For example, some positions might have higher salaries than others, but you currently can't look at individual positions because they are all in one column.

Since you can't examine text data, the code below will to split each position out into it's own column, and indicate with a `1` or `0` whether the player played that position. While there may seem like better ways to view this data from a human perspective, this is considered *'best practice'* in data science.

The code below splits out the selected column (`Position`) into its own `dataframe`, making each value a new column. It then stores the 'dummy' dataframe in a new variable called `position_dummies`.

In [None]:
# Helper function for splitting out text data that differs by column, but is representing a category
# like genre, or artist, but not something track name
position_dummies = pd.get_dummies(nba_data["Position"])
position_dummies

This process creates new columns. The cell below stores all these new column header names in a variable called `team_dummies_columns` so that you can easily look it up later if you need.

In [None]:
position_dummies_columns = position_dummies.columns

Now you can take a look at those column names using the code cell below.

In [None]:
position_dummies_columns

Now that you have a dataframe that you can use, combine your two separate dataframes (`nba_data` and `position_dummies`) using the `pandas.concat()` method, which will concatenate `position_dummies` onto the end of `nba_data`.

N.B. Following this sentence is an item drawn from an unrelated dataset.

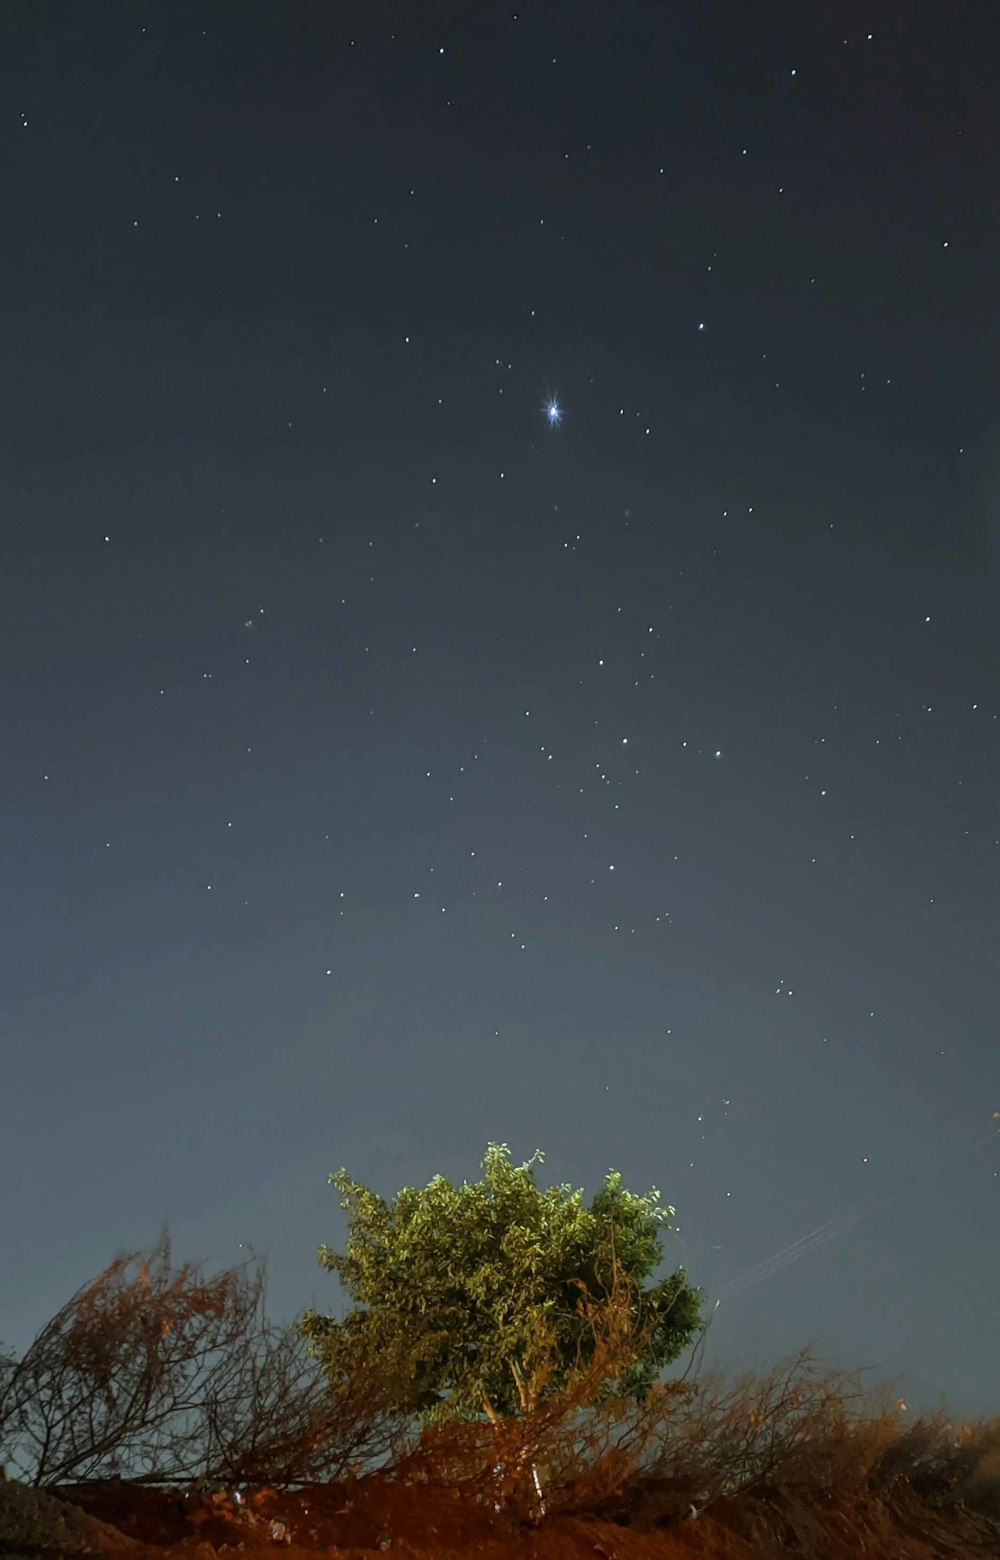 a lone tree in the middle of a desert at night

The cell below does this work, and then stores this new dataframe in a variable called `merged_data`. 

In [None]:
#genre_dummies is it's own dataframe, I want to contatenate it onto my nba_data
merged_data = pd.concat([nba_data, position_dummies], axis=1)
merged_data

Finally, since you're going to be doing the rest of the analysis using the `nba_data` variable, put this `merged_data` information into that variable by reassigning `nba_data`.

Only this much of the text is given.